Jefferson's phrase clearly has been taken out of context, for right after saying in his letter that "the First Amendment has erected a wall of separation between Church and State," Jefferson quickly added that "the wall is one directional. It keeps the government from running the church, but it makes sure that Christian principles will never be separated from the government."

Yet, anti-religious groups have used the phrase "separation of church and state" to argue for the extirpation of religion from American public life. Thus, as social critic Frederick Mohl of Sarasota, Florida, points out, "In the name of church-state separation, Christmas and Easter have been dropped from public school calendars. Christmas trees and Yuletide carols are banned in school as well along with menorahs marking the Jewish festival of Hanukkah...; the Ten Commandments have also been barred from public schools and other government venues."
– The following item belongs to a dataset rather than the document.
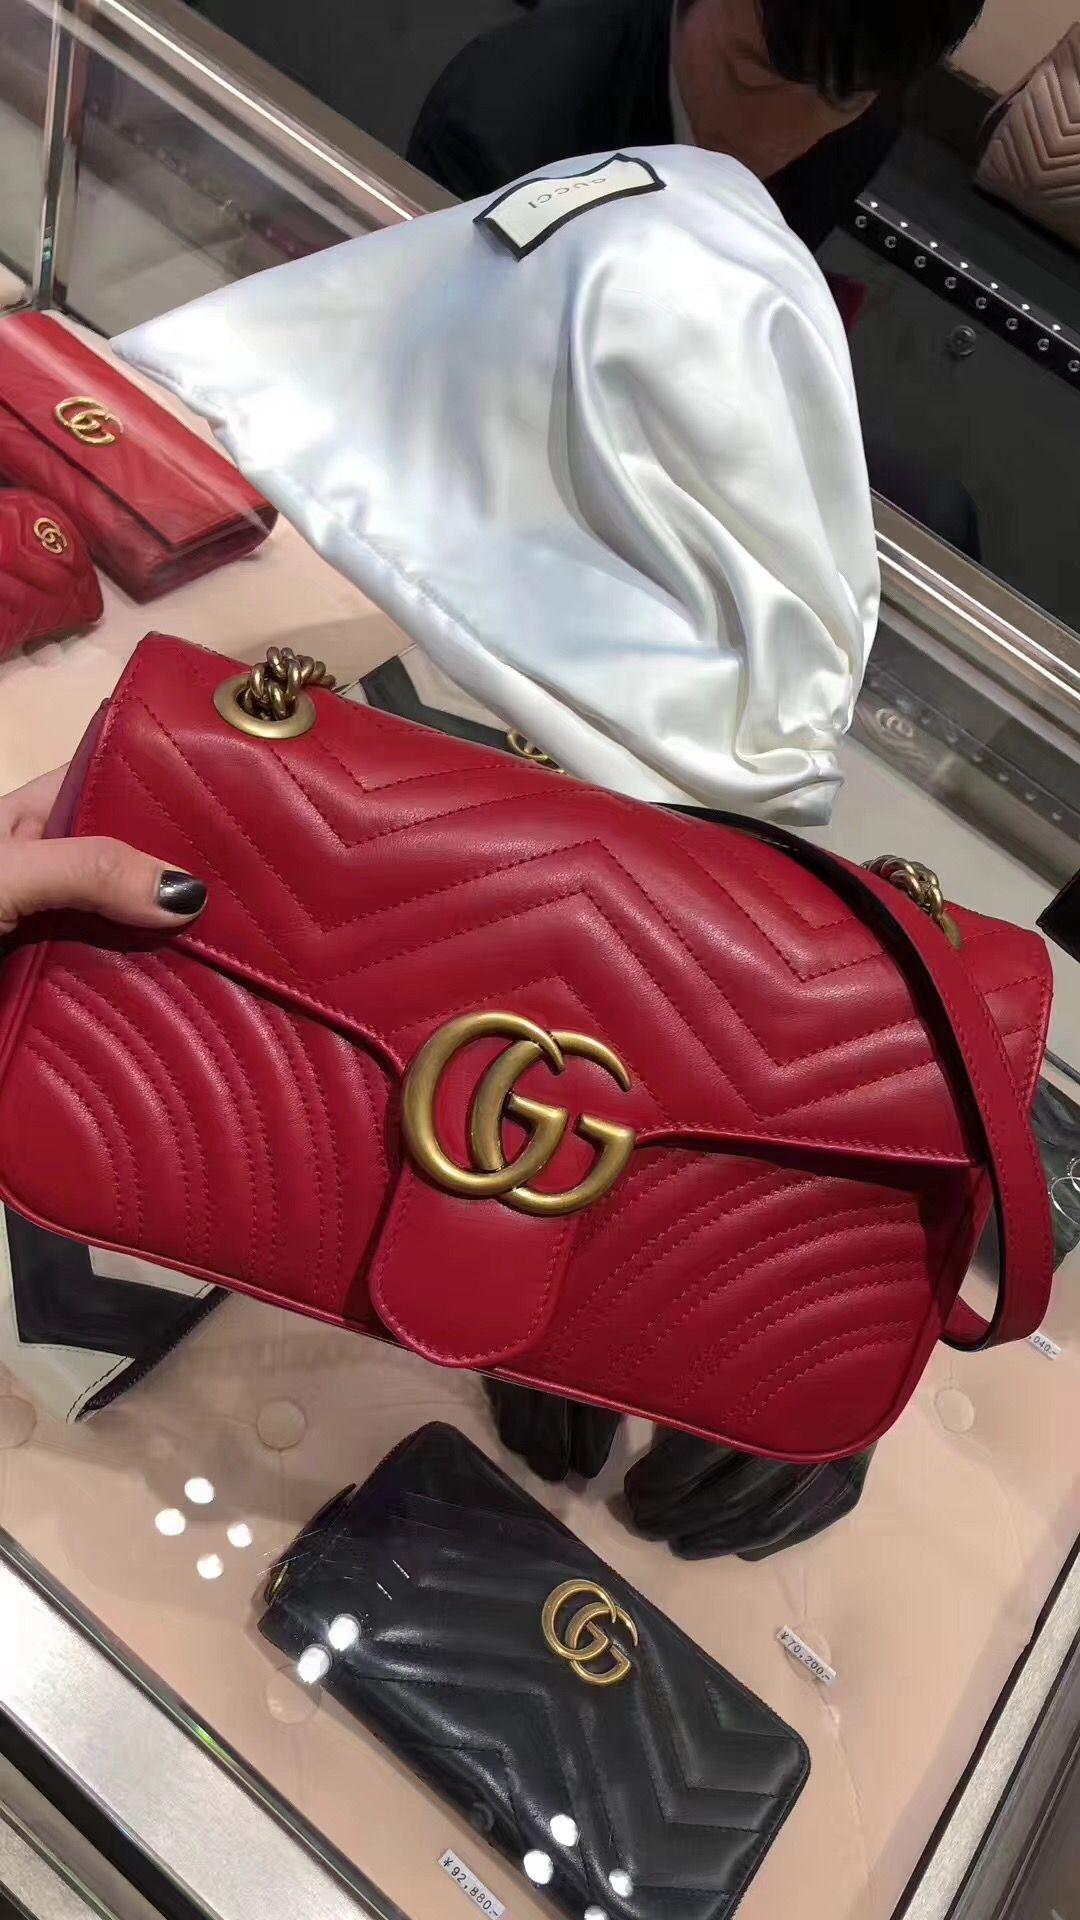 2b9f124862a9 Gucci Chain Shoulder Bag 443497 Red - $425.00 | discount price gucci ...

According to attorney Mathew Staver, author of Faith and Freedom (Crossway Books) and executive director of Liberty Counsel (Box 540774, Orlando, Florida), many students in the public schools have suffered a loss of their right to religious freedom and right to freedom of expression (religious expression). For example, a 4th grade student Joshua Burton brought his Bible with him to school so he could read it during free time; but school authorities confiscated his Bible and told him not to bring it to school with him again.

Amber Johnston-Loehner wanted to distribute religious literature to her friends at the public school she attended; but the principal took the literature from her, scolded her and then threw the literature into the garbage, saying, "I will not have religious literature on my campus."

At her public school, Jennifer Green spoke up for the religious freedom and free speech rights of students who wanted to pray at graduation; she had to endure the vehement hostility of school authorities who branded her a "trouble-maker."

Clearly, then, religion and religious freedom are coming under vicious attack in the United States today. To rectify this disheartening state of affairs, we must return to the original thinking and wisdom of our Founding Fathers, who recognized that our nation was built upon a Judeo-Christian moral and religious foundation. Consider:

*John Adams: "Our constitution was made only for a moral and religious people."

*Benjamin Franklin: "Whoever will introduce into public affairs the principles of Christianity will change the face of the world."

*George Washington stated: "Take away religion, and the country will fail."

*Patrick Henry declared: "It cannot be emphasized too strongly...that this great nation was founded not by religionists, but by Christians; not on religions, but on the Gospel of Jesus Christ."

Was America built upon a Judeo-Christian moral and religious foundation? Did the Founding Fathers have a favorable attitude toward religion and religious freedom? From their graves, and to their everlasting credits, our Founding Fathers answered both questions with a firm and resounding Yes.

Mr. Gow is a columnist who has published more than 1,000 articles and reviews in 100 magazines and newspapers.